Anna Dessoye

Personal information
- Born: July 13, 1994 (age 32) Mountaintop, Pennsylvania, U.S.
- Height: 5 ft 6 in (168 cm)

Sport
- Sport: Field hockey
- Position: Midfielder
- Club: Valley Styx

National team
- Years: Team / Caps / Goals
- 2013: United States U–21 / 6 / (1)
- 2017–: United States / 52 / (3)

Medal record
Women's field hockey
Representing United States
Pan American Games
| Bronze medal – third place | 2019 Lima | Team |

= Anna Dessoye =

American field hockey player

Anna Dessoye (born July 13, 1994) is a field hockey player from the United States, who plays as a midfielder.

==Personal life==
Anna Dessoye was born in Mountaintop, Pennsylvania. She began playing hockey in the sixth grade.

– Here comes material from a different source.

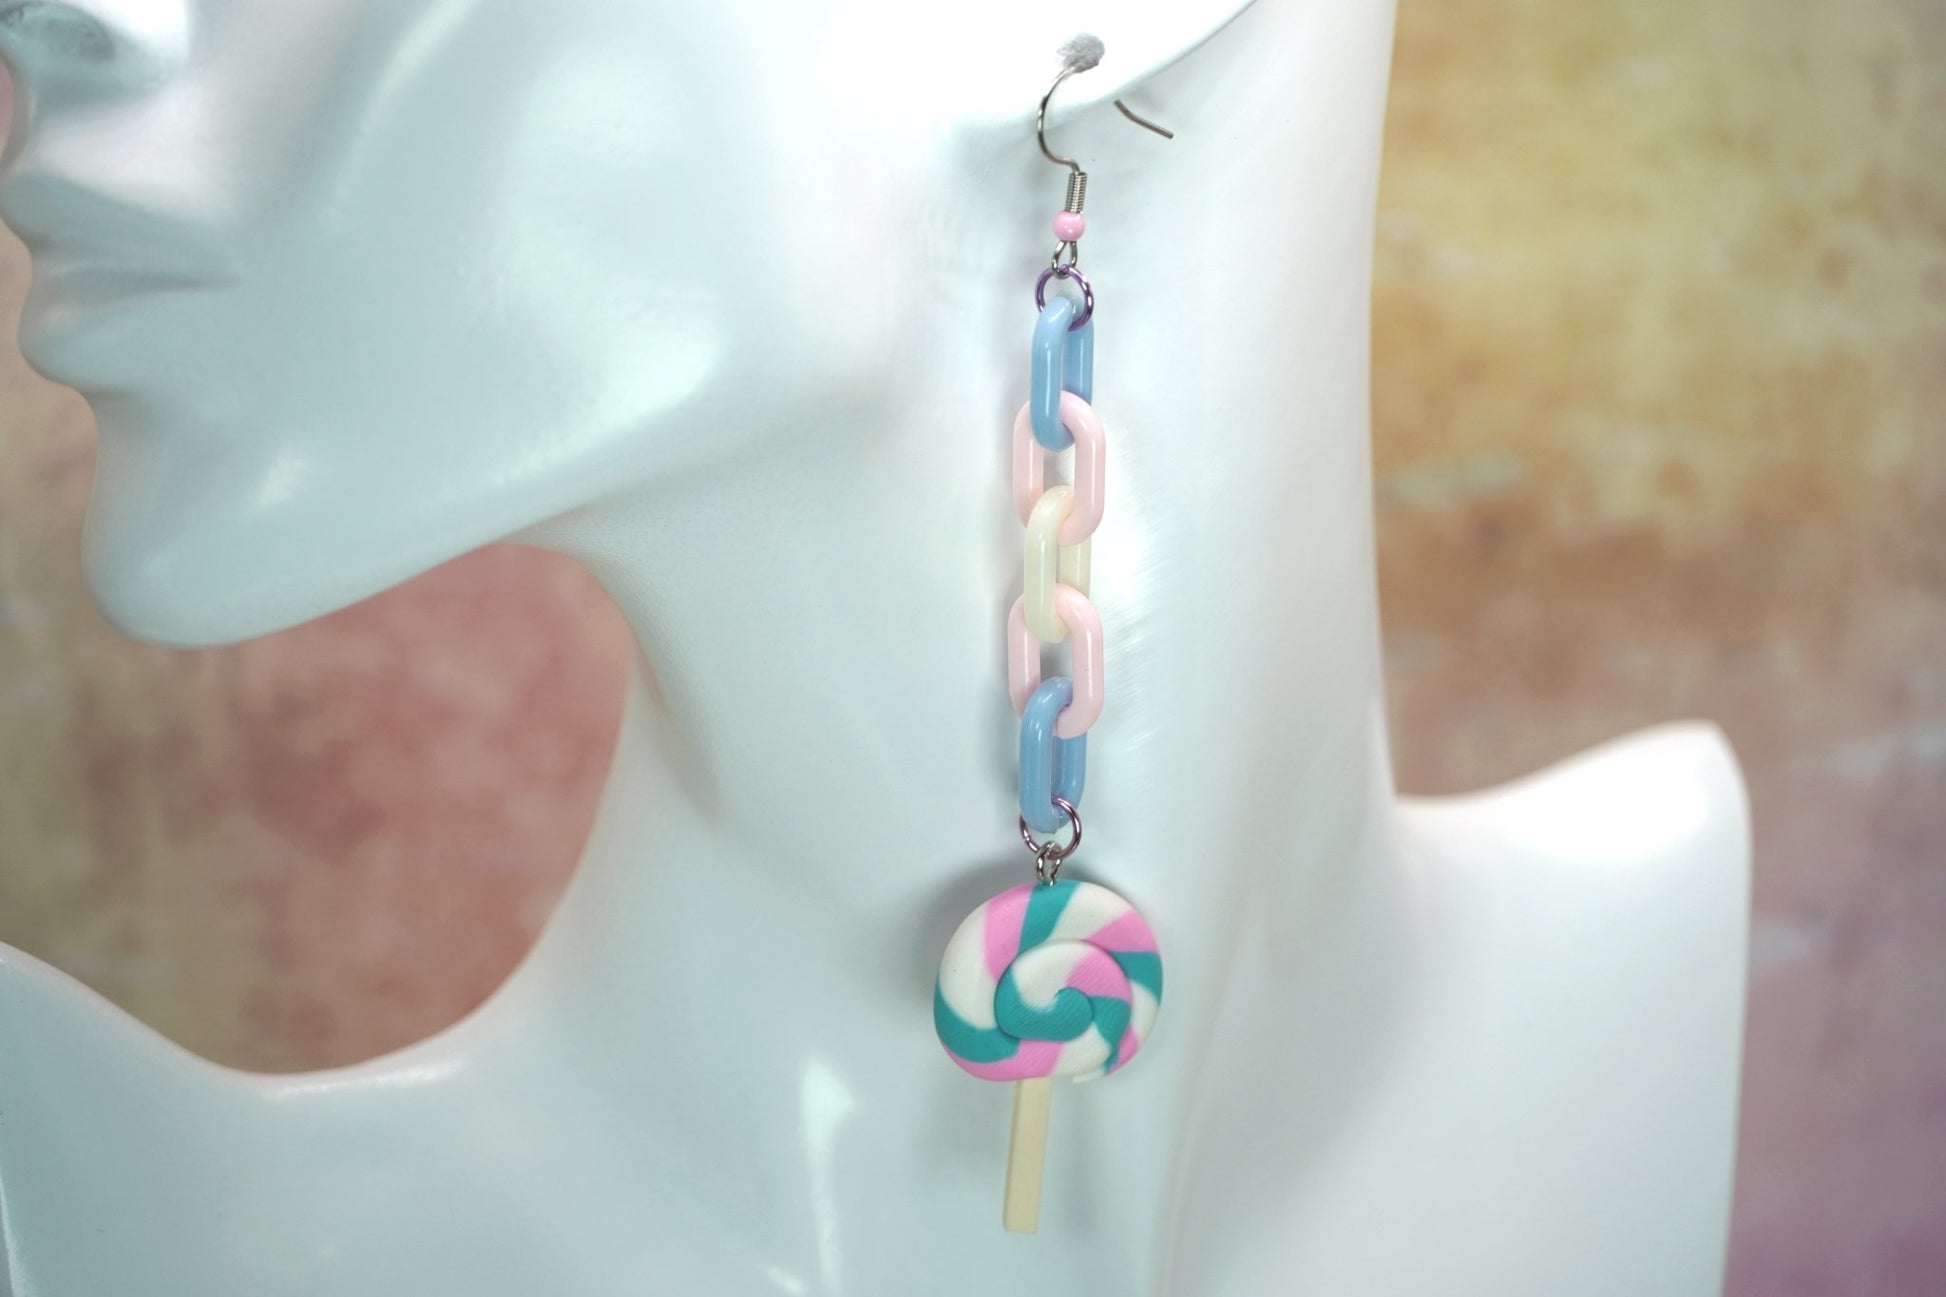 Trans Flag Colored Lollipop Earrings with Pastel Chains, Trans Pride Earrings, LGBTQ Pride Month - Dekowaii Jewelry Company

She also uses a Ritual Hockey stick.

Dessoye is a former student of the University of Maryland, where she majored in public health.

==Career==
===National teams===
====Under–21====
In 2013, Dessoye was a member of the United States U–21 side at the Junior World Cup, where the team finished seventh.

====Senior team====
Anna Dessoye made her senior international debut for the United States national team in 2017, during a test series against New Zealand in Christchurch.

In 2019, Dessoye was a member of the national team during the inaugural edition of the FIH Pro League. Later that year, she participated in the 2019 Pan American Games in Lima. At the tournament, she received her first major medal for her country after defeating Chile for the bronze.